= Center for Advanced Materials, University of Houston =

The Center for Advanced Materials (CAM), formerly the Space Vacuum Epitaxy Center, is a laboratory established in 1986 at the University of Houston for researching the science and application of advanced materials. It is hosted in 8000 sqft of space in three buildings on the Houston campus. Its facilities contain equipment dedicated to thin-film deposition, processing and characterization of III-V compound semiconductors, high-temperature superconductivity, and ferroelectric oxide material systems. The Wake Shield Facility was developed at this center.

Today, CAM’s research focuses on energy materials, nanoelectronics, and materials at the physical-biological interface, with an emphasis on sustainability and industry applications.

==Research Focus==
CAM’s current research is focused in the following key areas:

- Energy Materials – Photovoltaics, fuel cells, and supercapacitors.
- Nanoelectronics Materials – Graphene and resistive memory.
- Materials at the Physical-Biological Interface – Biosensors and detectors.
- Advanced Oxides – High-temperature superconductors and ferroelectric oxide systems.
- Optoelectronic Materials & 2D Systems – Thin films and semiconductor systems.
- Space Materials Science – Materials designed for performance in space environments.
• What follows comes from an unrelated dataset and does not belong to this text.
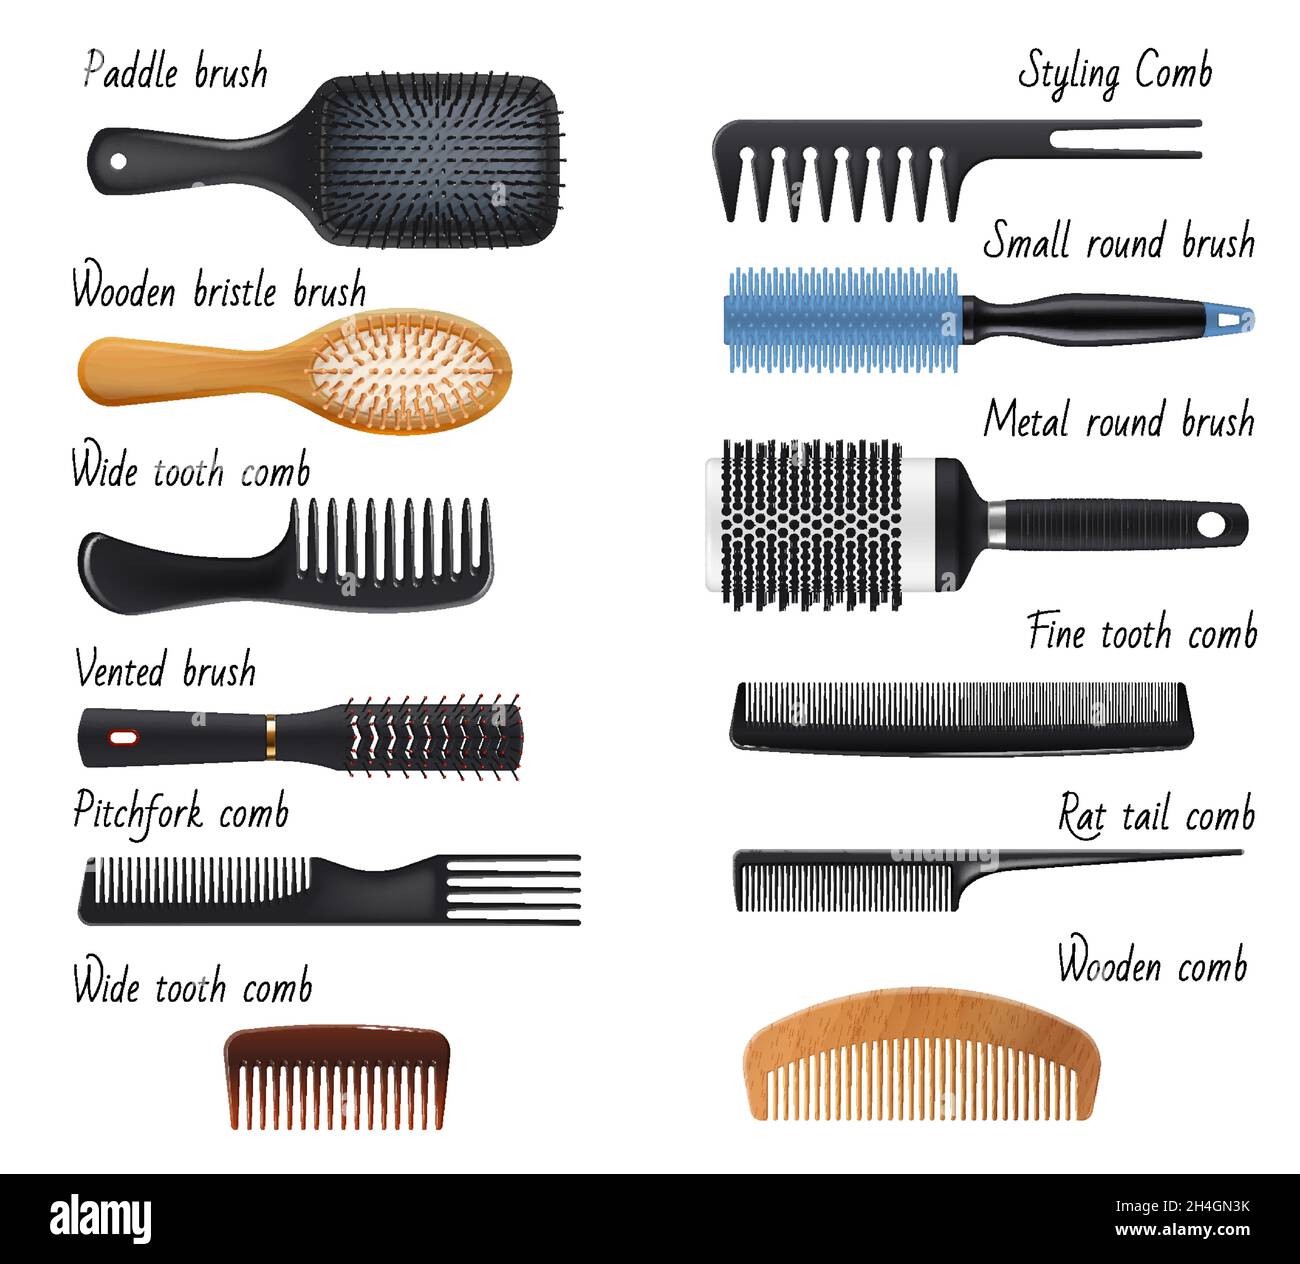 Haarkämme und Haarbürsten, Damenmode und Haarpflege-Vektor-Accessoires. Friseursalon Styling- und Haarbürstwerkzeuge, Holzborsten und Paddel Stock Vektor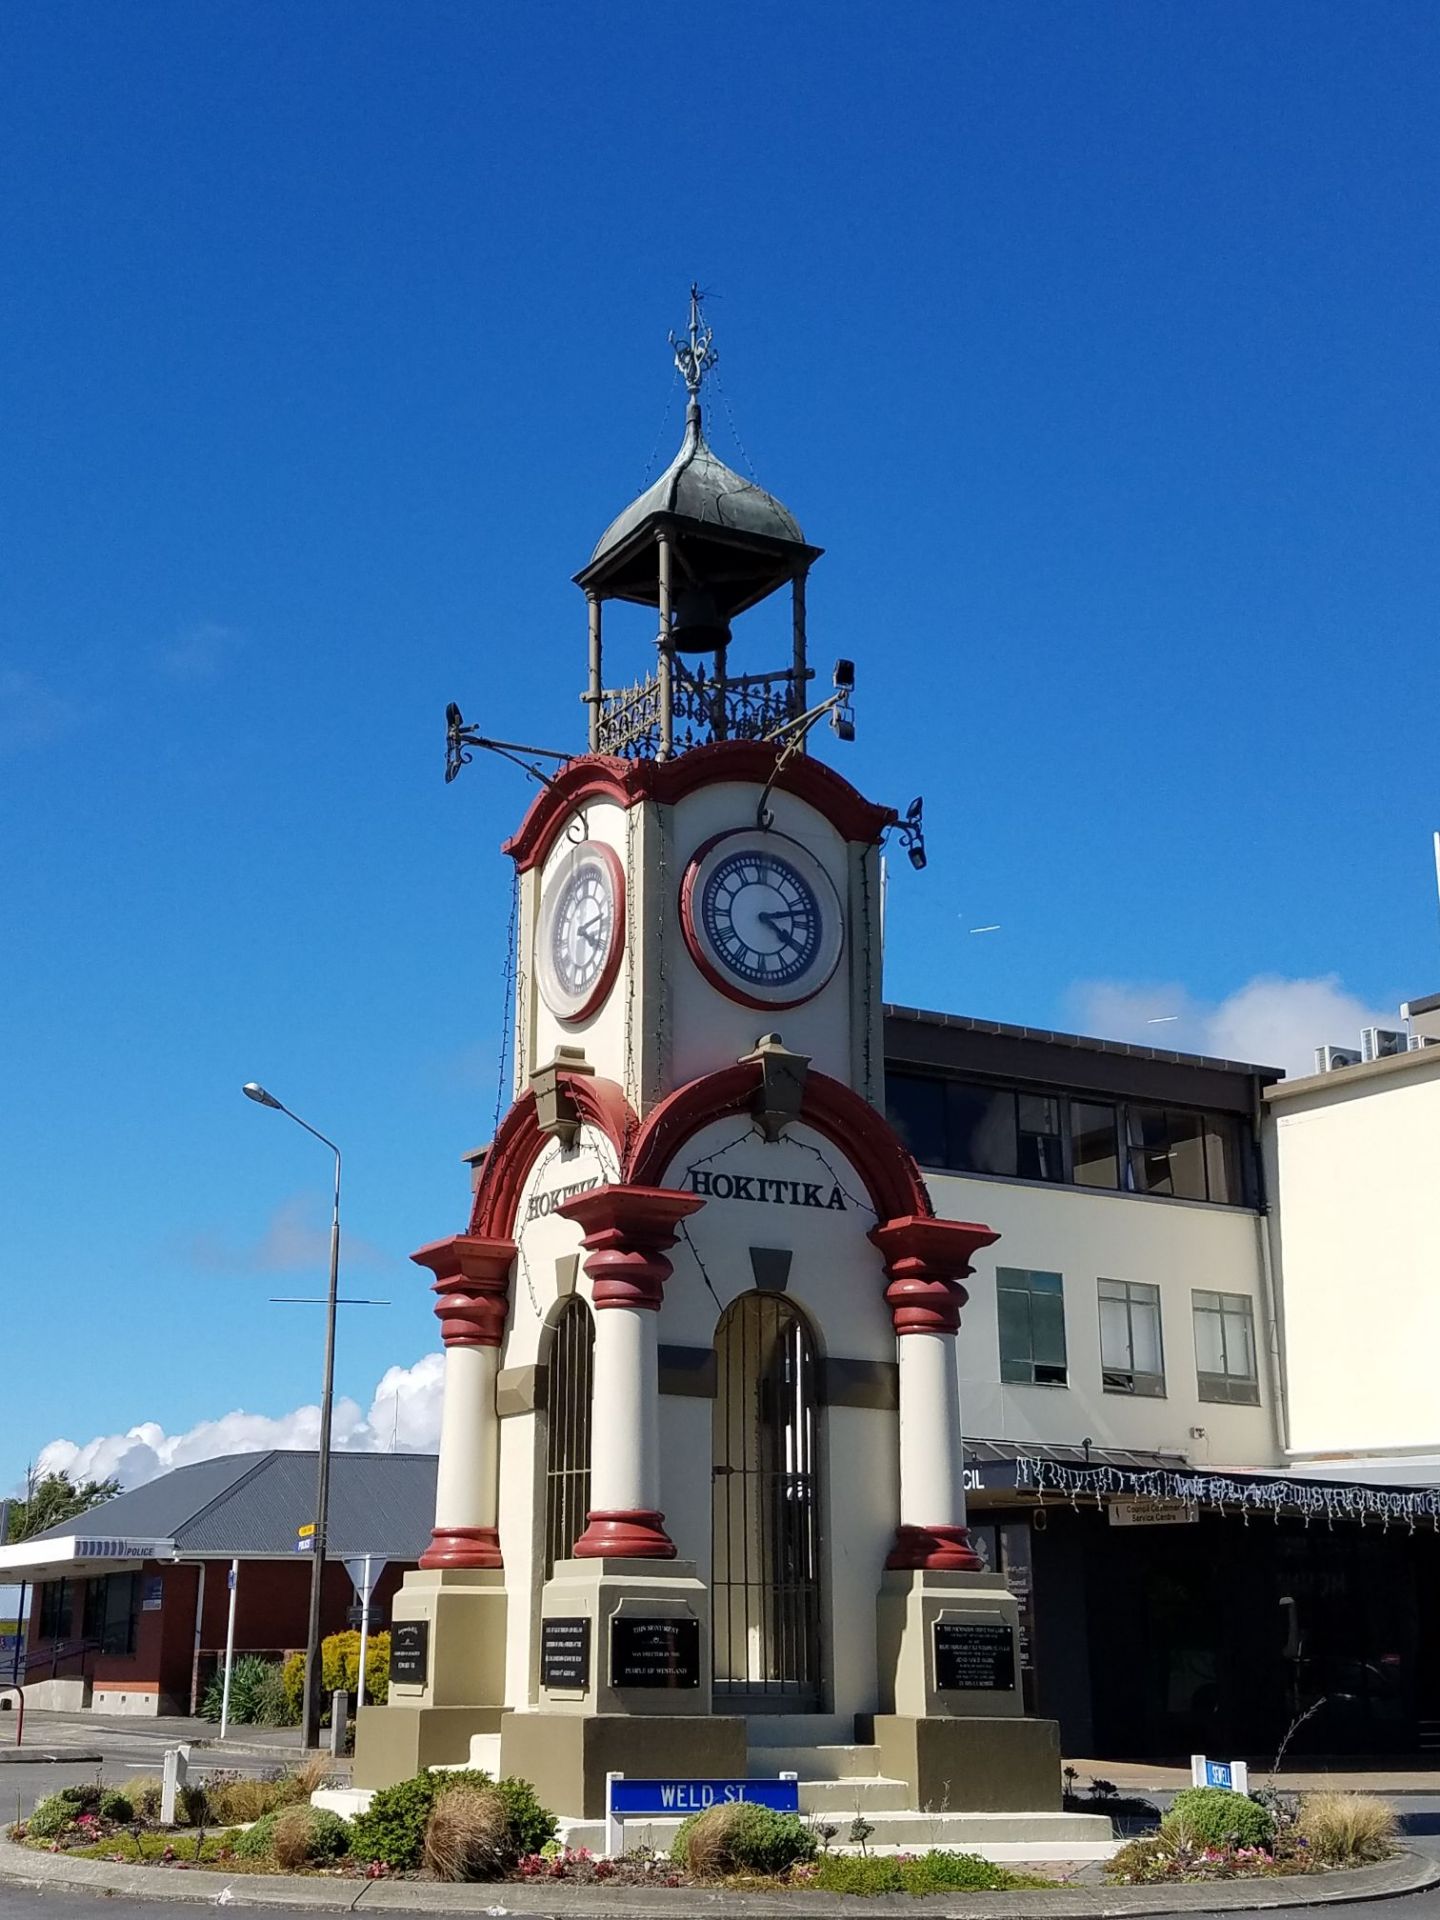 霍基蒂卡是新西兰西海岸的一座小镇，是前往福克斯冰川和费朗兹约瑟夫冰川的必经之处。因出产新西兰特有的绿

As of March 2025, current projects include:
- Photovoltaics & Nanostructures – Developing advanced materials for improving solar cell efficiency.
- Nanoelectronics & Nanoenergetics Materials – Researching graphene-based materials and resistive memory systems.
- Advanced Oxides – Exploring superconductivity and other properties of oxide materials.
- Optoelectronic Materials & 2D Systems – Investigating thin-film and 2D material-based optoelectronics.
- Space Materials Science – Developing materials capable of withstanding extreme space environments.

==History==
Since its founding, CAM has focused on both fundamental science and technological applications. The center’s ability to secure funding and industry partnerships has enabled it to play a key role in advancing materials science research and its applications.

Funding and Industry Partnerships
- CAM has historically garnered over $70 million in federal funds and a total of $104 million in cash and in-kind funding since its inception. The center has developed a major intellectual property (IP) marketing strategy, securing over $6.2 million in funding directly related to industry interest in CAM's IP.

==Operations==
CAM operates under a project-based structure, where project leaders are responsible for the scientific, technical, and financial productivity of their research. This structure allows the center to effectively transition scientific advances into commercial applications, contributing to the center’s sustainability and economic impact.

CAM’s facilities, located in three buildings at the University of Houston, are dedicated to thin-film deposition, processing, and characterization of advanced materials. The equipment supports research in superconductivity, photovoltaics, nanoelectronics, and materials science.